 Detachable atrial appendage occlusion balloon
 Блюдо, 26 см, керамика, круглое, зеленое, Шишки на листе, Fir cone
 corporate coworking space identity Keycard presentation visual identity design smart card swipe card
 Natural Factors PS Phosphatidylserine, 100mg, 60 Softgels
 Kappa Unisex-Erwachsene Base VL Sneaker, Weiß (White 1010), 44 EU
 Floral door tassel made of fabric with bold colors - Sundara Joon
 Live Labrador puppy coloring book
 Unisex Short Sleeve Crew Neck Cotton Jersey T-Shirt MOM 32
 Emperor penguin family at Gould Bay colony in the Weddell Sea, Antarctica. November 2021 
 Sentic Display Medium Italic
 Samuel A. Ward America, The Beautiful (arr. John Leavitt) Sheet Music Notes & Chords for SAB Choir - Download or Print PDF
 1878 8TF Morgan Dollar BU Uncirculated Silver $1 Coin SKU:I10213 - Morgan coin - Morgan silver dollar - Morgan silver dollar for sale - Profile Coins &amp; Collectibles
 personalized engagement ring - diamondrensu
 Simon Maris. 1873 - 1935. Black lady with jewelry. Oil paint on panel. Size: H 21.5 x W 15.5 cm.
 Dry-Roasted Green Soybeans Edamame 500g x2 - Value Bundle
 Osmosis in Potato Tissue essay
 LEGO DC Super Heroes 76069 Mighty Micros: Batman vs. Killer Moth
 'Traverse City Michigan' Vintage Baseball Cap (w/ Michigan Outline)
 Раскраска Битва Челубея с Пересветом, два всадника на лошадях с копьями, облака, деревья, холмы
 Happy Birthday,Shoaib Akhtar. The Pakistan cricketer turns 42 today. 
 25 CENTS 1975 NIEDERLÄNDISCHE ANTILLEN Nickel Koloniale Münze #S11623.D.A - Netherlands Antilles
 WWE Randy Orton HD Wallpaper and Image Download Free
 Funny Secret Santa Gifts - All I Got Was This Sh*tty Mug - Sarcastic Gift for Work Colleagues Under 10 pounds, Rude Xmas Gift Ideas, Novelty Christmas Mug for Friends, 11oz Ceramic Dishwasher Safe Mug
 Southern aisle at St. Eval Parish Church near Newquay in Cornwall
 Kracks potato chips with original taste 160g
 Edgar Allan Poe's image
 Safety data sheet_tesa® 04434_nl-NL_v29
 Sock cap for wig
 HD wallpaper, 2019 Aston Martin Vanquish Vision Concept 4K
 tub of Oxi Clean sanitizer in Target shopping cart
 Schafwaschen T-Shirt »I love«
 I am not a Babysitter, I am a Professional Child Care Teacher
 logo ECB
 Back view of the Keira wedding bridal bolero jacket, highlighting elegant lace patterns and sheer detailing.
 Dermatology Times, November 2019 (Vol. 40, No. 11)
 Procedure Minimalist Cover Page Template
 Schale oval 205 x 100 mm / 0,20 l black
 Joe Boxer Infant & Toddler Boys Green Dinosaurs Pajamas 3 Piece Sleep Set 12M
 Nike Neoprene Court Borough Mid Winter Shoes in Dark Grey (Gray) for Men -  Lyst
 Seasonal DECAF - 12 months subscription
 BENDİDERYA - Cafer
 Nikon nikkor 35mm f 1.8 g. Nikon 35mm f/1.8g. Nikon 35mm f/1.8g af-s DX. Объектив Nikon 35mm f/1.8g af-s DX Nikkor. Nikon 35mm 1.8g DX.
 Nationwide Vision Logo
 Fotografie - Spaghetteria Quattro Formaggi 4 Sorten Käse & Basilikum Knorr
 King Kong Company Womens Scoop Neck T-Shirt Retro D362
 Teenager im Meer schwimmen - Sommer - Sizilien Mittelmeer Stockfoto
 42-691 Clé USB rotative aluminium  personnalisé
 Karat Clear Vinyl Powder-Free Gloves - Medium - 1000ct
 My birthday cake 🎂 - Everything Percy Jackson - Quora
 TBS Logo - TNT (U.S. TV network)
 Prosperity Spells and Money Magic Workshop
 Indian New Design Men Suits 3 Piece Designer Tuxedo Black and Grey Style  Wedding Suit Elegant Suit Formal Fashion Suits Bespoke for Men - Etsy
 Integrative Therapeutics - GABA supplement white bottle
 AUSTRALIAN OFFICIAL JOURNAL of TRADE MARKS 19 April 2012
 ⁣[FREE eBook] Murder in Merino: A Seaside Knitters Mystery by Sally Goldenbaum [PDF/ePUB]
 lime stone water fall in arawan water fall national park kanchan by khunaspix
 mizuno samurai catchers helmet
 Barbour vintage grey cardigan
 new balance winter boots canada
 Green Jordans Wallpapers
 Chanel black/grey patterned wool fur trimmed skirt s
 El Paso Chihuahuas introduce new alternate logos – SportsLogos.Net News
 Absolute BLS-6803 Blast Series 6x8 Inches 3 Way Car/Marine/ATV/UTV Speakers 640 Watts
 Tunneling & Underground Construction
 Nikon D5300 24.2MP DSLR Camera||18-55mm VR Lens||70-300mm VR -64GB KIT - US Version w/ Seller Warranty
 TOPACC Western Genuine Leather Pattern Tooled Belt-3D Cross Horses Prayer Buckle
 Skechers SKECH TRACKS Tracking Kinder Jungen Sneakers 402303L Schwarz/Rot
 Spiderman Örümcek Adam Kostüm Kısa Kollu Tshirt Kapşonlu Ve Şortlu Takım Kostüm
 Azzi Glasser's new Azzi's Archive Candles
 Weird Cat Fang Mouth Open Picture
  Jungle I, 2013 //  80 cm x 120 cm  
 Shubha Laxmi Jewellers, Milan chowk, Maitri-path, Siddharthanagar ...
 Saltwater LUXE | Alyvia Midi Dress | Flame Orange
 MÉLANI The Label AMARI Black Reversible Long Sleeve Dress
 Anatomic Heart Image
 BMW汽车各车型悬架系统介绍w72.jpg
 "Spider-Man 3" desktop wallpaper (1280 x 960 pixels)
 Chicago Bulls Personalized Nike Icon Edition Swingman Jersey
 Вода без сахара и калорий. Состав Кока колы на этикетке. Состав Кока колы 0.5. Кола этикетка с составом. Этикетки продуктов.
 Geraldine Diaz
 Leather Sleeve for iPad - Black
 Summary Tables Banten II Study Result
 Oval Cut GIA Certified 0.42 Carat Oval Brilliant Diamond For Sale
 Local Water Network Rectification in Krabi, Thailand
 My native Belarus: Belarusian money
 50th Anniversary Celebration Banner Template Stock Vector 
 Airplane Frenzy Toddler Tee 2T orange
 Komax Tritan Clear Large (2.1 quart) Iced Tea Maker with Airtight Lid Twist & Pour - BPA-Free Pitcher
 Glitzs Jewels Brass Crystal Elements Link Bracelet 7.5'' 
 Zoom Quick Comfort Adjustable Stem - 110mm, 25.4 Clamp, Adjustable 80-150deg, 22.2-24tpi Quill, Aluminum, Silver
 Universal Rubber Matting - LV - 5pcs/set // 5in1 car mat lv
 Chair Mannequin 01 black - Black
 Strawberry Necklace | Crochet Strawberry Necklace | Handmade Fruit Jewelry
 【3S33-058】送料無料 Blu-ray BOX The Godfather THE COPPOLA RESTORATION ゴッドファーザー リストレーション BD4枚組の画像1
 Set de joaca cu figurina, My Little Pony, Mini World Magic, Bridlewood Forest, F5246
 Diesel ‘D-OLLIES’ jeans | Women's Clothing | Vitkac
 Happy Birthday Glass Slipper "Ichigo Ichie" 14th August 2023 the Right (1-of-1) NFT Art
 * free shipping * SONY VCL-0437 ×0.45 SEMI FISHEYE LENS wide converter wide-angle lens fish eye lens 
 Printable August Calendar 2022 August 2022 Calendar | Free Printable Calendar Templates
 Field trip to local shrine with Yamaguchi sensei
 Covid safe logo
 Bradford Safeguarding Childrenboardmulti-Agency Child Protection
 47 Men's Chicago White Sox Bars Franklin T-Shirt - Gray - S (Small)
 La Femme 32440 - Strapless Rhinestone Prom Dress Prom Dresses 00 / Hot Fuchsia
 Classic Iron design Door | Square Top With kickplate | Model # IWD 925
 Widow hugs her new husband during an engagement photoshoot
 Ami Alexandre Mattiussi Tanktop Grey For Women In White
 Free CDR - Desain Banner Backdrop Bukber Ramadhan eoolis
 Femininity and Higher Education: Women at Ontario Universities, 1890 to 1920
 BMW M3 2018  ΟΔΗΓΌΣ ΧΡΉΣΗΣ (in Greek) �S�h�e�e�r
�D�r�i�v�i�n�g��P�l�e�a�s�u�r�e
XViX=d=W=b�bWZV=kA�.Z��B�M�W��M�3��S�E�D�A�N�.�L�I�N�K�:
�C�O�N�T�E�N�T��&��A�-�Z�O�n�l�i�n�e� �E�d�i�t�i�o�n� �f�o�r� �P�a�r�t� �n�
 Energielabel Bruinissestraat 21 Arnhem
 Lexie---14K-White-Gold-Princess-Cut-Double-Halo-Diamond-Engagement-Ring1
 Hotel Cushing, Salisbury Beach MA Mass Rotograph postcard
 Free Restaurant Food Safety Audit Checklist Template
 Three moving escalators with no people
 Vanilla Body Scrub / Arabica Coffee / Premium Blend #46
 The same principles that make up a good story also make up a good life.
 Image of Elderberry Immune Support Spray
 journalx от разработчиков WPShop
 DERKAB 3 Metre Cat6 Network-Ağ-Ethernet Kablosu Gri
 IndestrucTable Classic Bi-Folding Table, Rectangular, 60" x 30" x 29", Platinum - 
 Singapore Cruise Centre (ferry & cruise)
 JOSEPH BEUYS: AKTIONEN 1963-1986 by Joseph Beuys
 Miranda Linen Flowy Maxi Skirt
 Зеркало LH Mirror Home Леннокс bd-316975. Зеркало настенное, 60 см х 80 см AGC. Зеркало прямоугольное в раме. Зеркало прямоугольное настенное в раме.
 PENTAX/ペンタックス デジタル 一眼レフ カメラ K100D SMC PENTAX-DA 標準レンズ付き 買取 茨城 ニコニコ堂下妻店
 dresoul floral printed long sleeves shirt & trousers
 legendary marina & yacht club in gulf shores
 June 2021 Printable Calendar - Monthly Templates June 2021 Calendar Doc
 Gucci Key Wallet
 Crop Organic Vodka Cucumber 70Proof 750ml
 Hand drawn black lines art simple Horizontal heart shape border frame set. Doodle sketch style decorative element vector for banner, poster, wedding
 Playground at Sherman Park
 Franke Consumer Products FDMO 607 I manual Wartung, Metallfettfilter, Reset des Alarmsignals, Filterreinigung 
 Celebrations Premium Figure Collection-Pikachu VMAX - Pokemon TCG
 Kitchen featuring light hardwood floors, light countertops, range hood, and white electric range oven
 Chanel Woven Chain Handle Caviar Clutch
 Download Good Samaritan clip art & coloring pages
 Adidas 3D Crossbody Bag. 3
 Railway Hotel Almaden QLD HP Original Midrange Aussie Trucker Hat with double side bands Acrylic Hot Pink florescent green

**Task requirements**.
Within the data above, the lines from the one with "Back view of" to the one with "TOPACC Western Genuine" must be repeated exactly; no other line belongs in the answer.

**Result of this task**.
 Back view of the Keira wedding bridal bolero jacket, highlighting elegant lace patterns and sheer detailing.
 Dermatology Times, November 2019 (Vol. 40, No. 11)
 Procedure Minimalist Cover Page Template
 Schale oval 205 x 100 mm / 0,20 l black
 Joe Boxer Infant & Toddler Boys Green Dinosaurs Pajamas 3 Piece Sleep Set 12M
 Nike Neoprene Court Borough Mid Winter Shoes in Dark Grey (Gray) for Men -  Lyst
 Seasonal DECAF - 12 months subscription
 BENDİDERYA - Cafer
 Nikon nikkor 35mm f 1.8 g. Nikon 35mm f/1.8g. Nikon 35mm f/1.8g af-s DX. Объектив Nikon 35mm f/1.8g af-s DX Nikkor. Nikon 35mm 1.8g DX.
 Nationwide Vision Logo
 Fotografie - Spaghetteria Quattro Formaggi 4 Sorten Käse & Basilikum Knorr
 King Kong Company Womens Scoop Neck T-Shirt Retro D362
 Teenager im Meer schwimmen - Sommer - Sizilien Mittelmeer Stockfoto
 42-691 Clé USB rotative aluminium  personnalisé
 Karat Clear Vinyl Powder-Free Gloves - Medium - 1000ct
 My birthday cake 🎂 - Everything Percy Jackson - Quora
 TBS Logo - TNT (U.S. TV network)
 Prosperity Spells and Money Magic Workshop
 Indian New Design Men Suits 3 Piece Designer Tuxedo Black and Grey Style  Wedding Suit Elegant Suit Formal Fashion Suits Bespoke for Men - Etsy
 Integrative Therapeutics - GABA supplement white bottle
 AUSTRALIAN OFFICIAL JOURNAL of TRADE MARKS 19 April 2012
 ⁣[FREE eBook] Murder in Merino: A Seaside Knitters Mystery by Sally Goldenbaum [PDF/ePUB]
 lime stone water fall in arawan water fall national park kanchan by khunaspix
 mizuno samurai catchers helmet
 Barbour vintage grey cardigan
 new balance winter boots canada
 Green Jordans Wallpapers
 Chanel black/grey patterned wool fur trimmed skirt s
 El Paso Chihuahuas introduce new alternate logos – SportsLogos.Net News
 Absolute BLS-6803 Blast Series 6x8 Inches 3 Way Car/Marine/ATV/UTV Speakers 640 Watts
 Tunneling & Underground Construction
 Nikon D5300 24.2MP DSLR Camera||18-55mm VR Lens||70-300mm VR -64GB KIT - US Version w/ Seller Warranty
 TOPACC Western Genuine Leather Pattern Tooled Belt-3D Cross Horses Prayer Buckle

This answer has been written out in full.